The statistics of assembly results are shown in Table 1. The taxonomic profile for the training data set used in MetaVelvet-SL was inferred by MetaPhlAn. For all assembly data sets, MetaVelvet-SL generated higher Nm50 and longer maximum length of scaffolds than MetaVelvet, IDBA-UD, Ray Meta, Omega and SOAPdenovo2. The total length of scaffolds is similar among the assemblers.
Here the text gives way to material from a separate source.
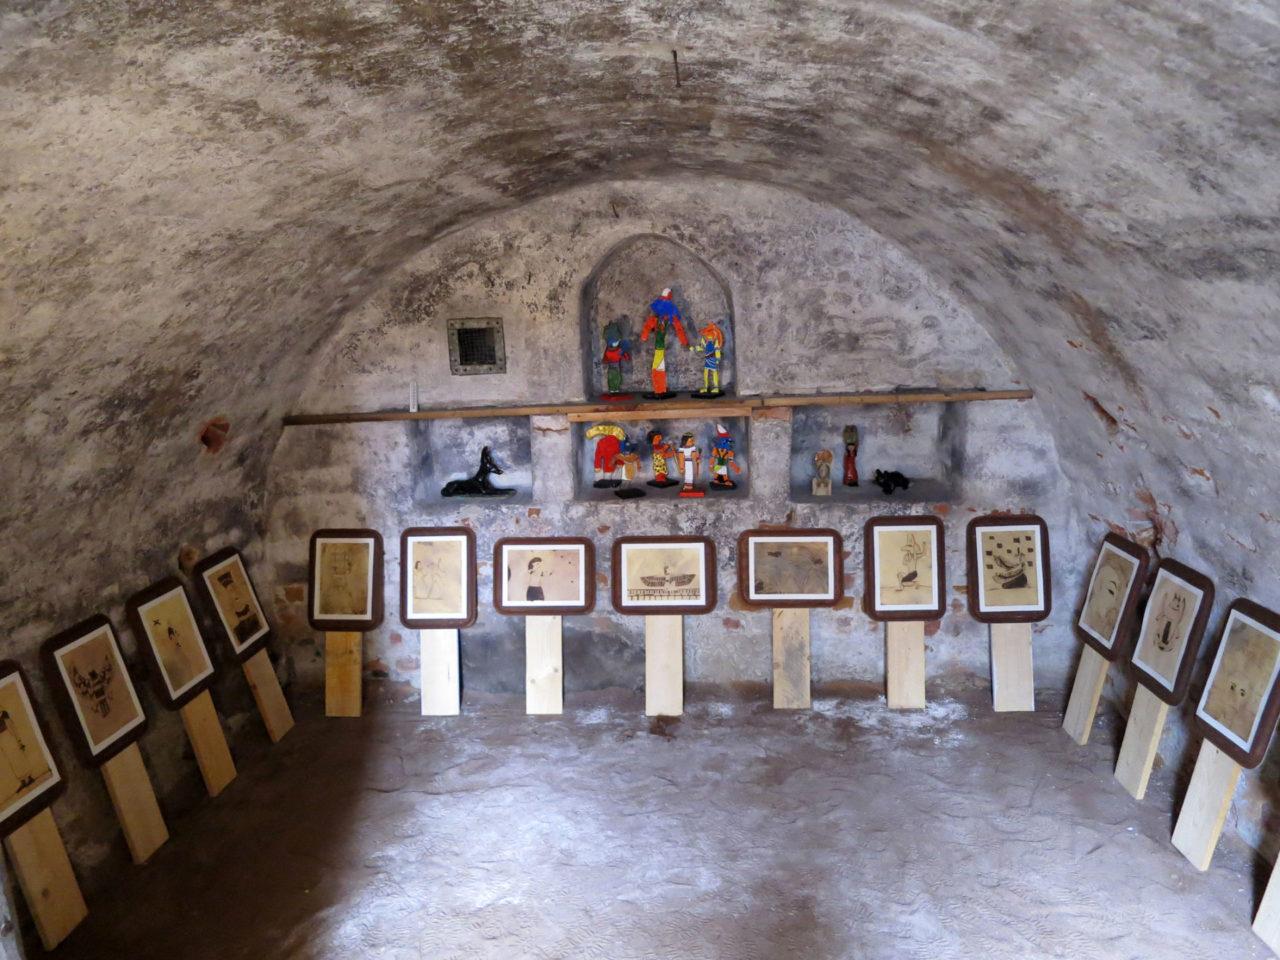 Rauman kuvataidekoulun kevätnäyttelyssä 2015 Egypti-aiheisia teoksia taidemuseon kellarissa
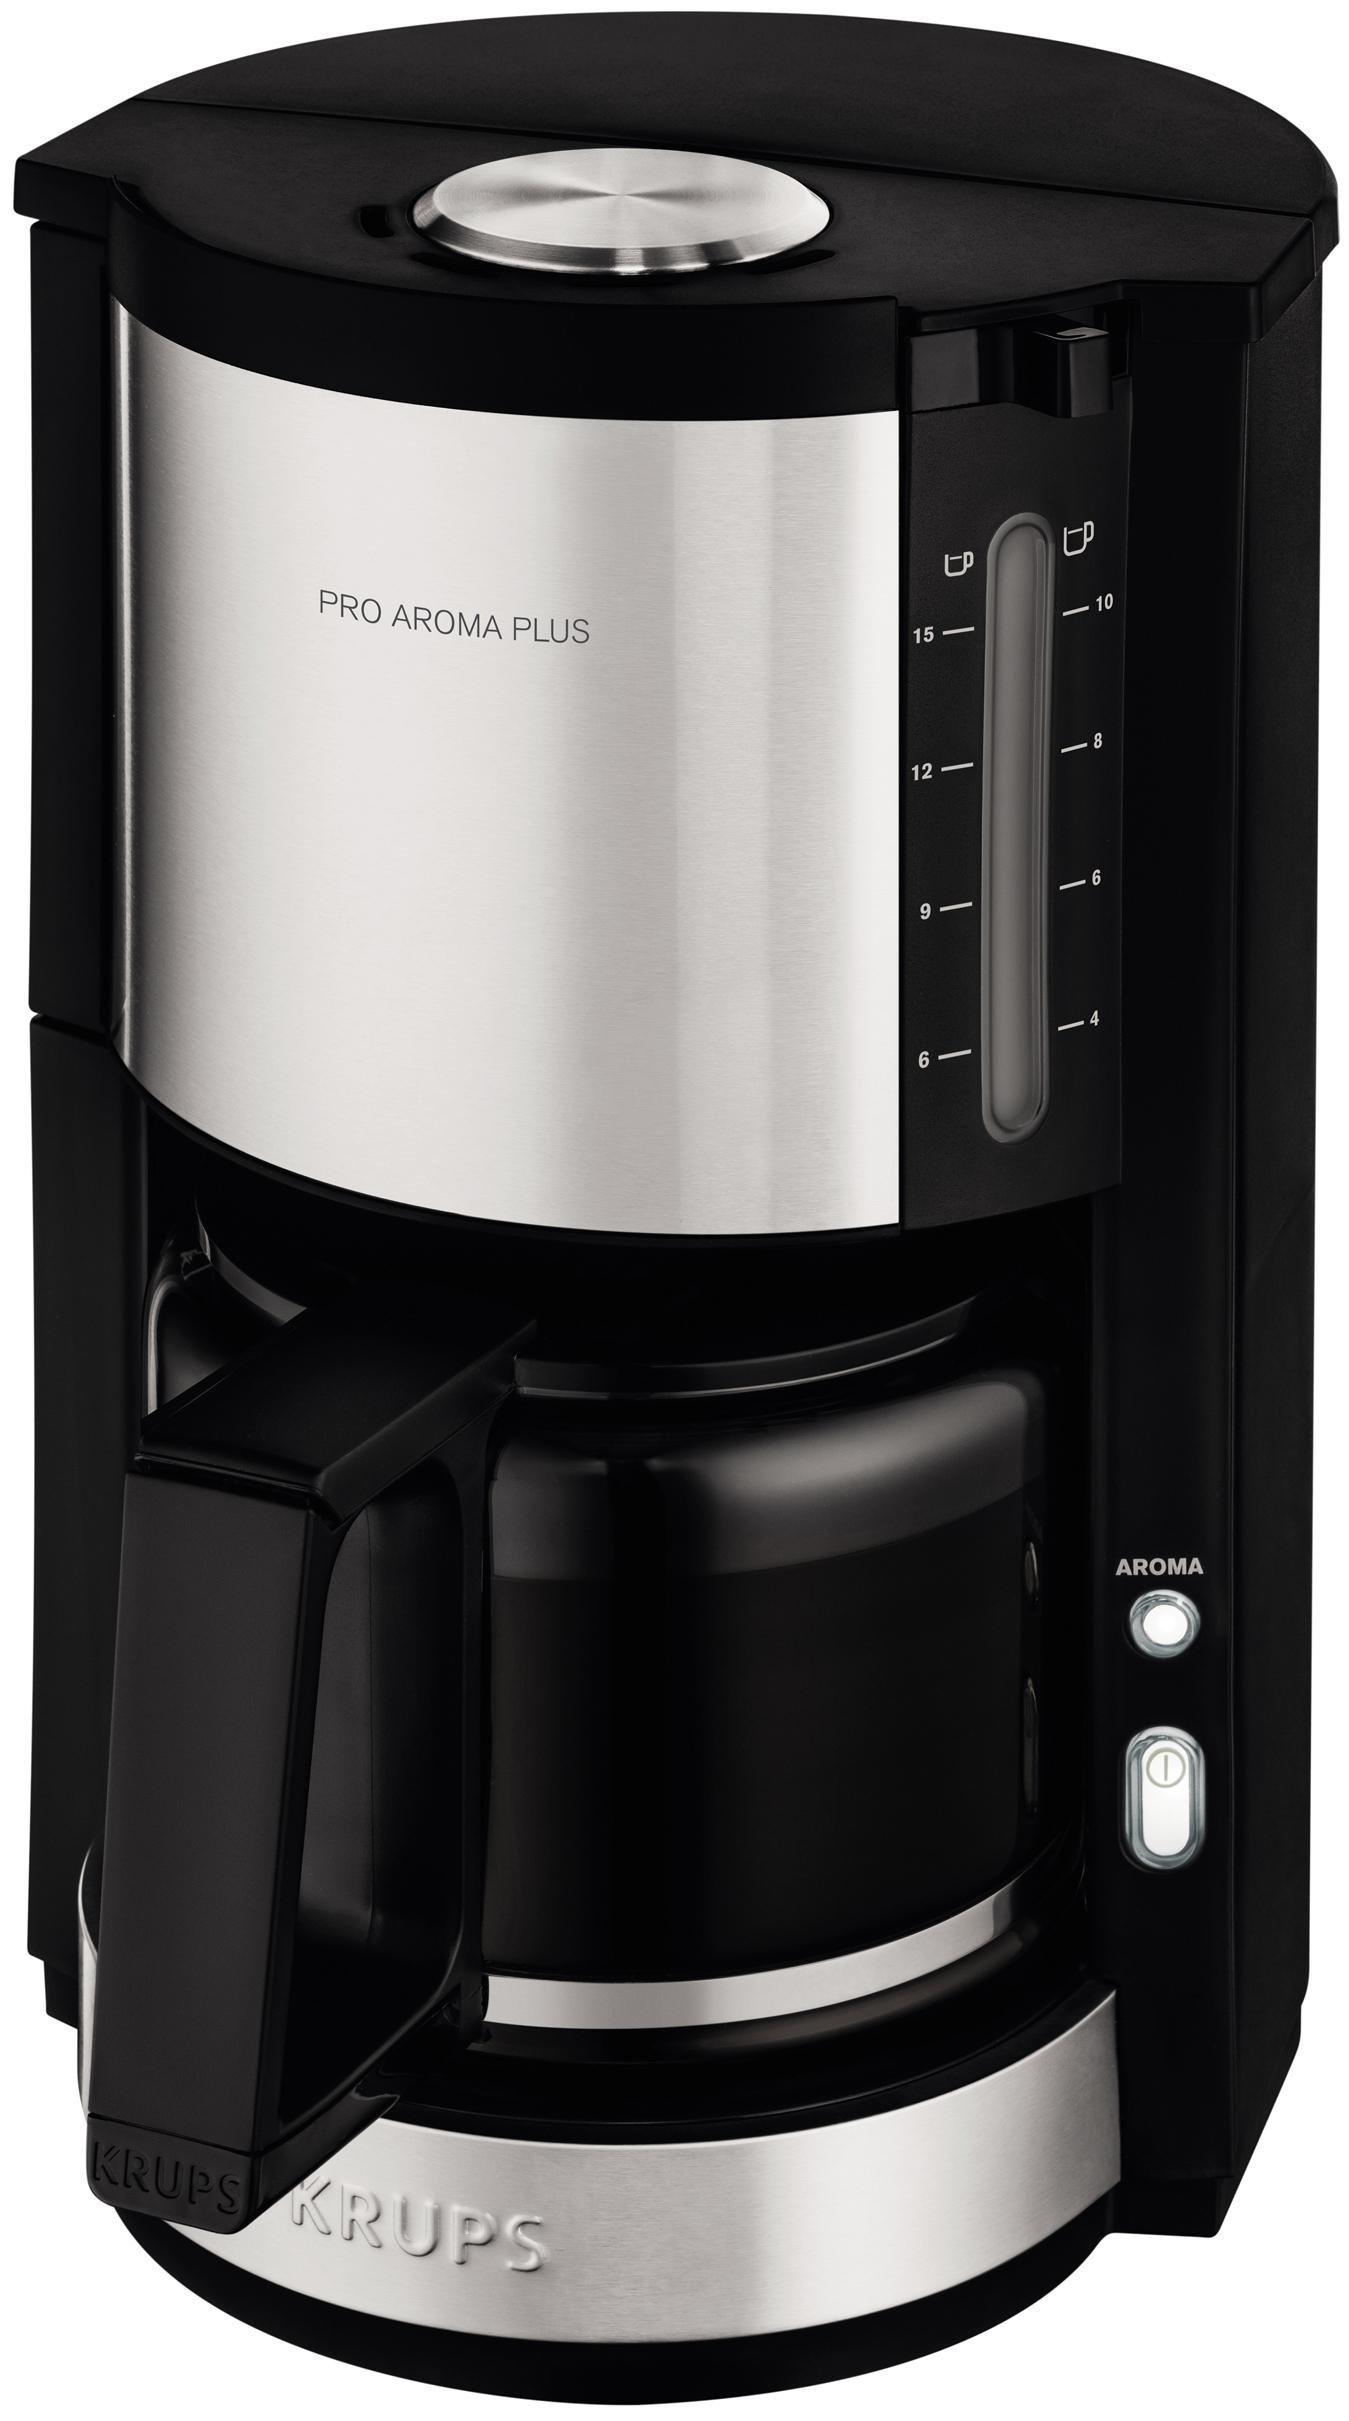 Krups Koffiezetapparaat ProAroma Plus KM321, met glazen kan, edelstaal/zwart nu online kopen bij OTTO

The results showed that MetaVelvet-SL generated longer accurate scaffolds.

Table 1.

Statistics of assembly results for simulated data sets

MetaVelvet-SL (+MetaPhlAn) MetaVelvet IDBA-UD SOAPdenovo2 Ray Meta Omega
Order
 Nm50 (bp) 695,261 222,972 243,336 10,529 154,899 29,668
 Maximum length (bp) 3,546,677 1,312,990 1,700,200 141,628 927,783 405,783
 Total scaffold length (bp) 69,383,955 70,711,008 70,743,471 72,886,145 72,067,809 71,331,763
 Number of scaffolds 4,755 2,889 1,395 37,391 1,184 17,075
 Required CPU time (s) 26,735 12,606 283,378 29,980 401,873 59,275
Family
 Nm50 (bp) 375,942 227,243 251,915 6,751 167,523 42,500
 Maximum length (bp) 1,875,576 1,570,565 1,247,435 167,532 1,181,121 521,402
 Total scaffold length (bp) 83,890,270 76,369,071 81,721,590 86,524,823 84,549,043 84,756,027
 Number of scaffolds 8,809 5,456 1,884 58,952 1,655 18,704
 Required CPU time (s) 35,685 14,855 379,757 17,155 544,821 27,233
Genus
 Nm50 (bp) 226,033 100,132 121,196 4,642 91,637 16,533
 Maximum length (bp) 2,259,591 2,099,603 1,246,124 85,991 1,212,747 212,138
 Total scaffold length (bp) 83,281,358 84,636,187 79,218,358 81,965,701 83,171,453 73,537,116
 Number of scaffolds 10,555 14,802 10,362 97,463 6,822 24,244
 Required CPU time (s) 188,170 19,514 306,073 35,648 1,259,371 97,573
Species
 Nm50 (bp) 174,495 91,159 74,670 4,469 80,592 13,053
 Maximum length (bp) 3,808,921 1,878,401 2,107,202 103,314 702,714 193,065
 Total scaffold length (bp) 81,524,460 82,381,332 65,980,631 85,892,445 74,075,828 67,422,938
 Number of scaffolds 22,440 29,472 18,864 132,284 17,077 24,096
 Required CPU time (s) 195,454 17,610 353,353 20,082 352,521 208,417

All computations were executed using Intel(R) Xeon(R) E5540 processors (2.53 GHz), with 96-GB physical memory, except for a few cases. Top performances are shown in bold.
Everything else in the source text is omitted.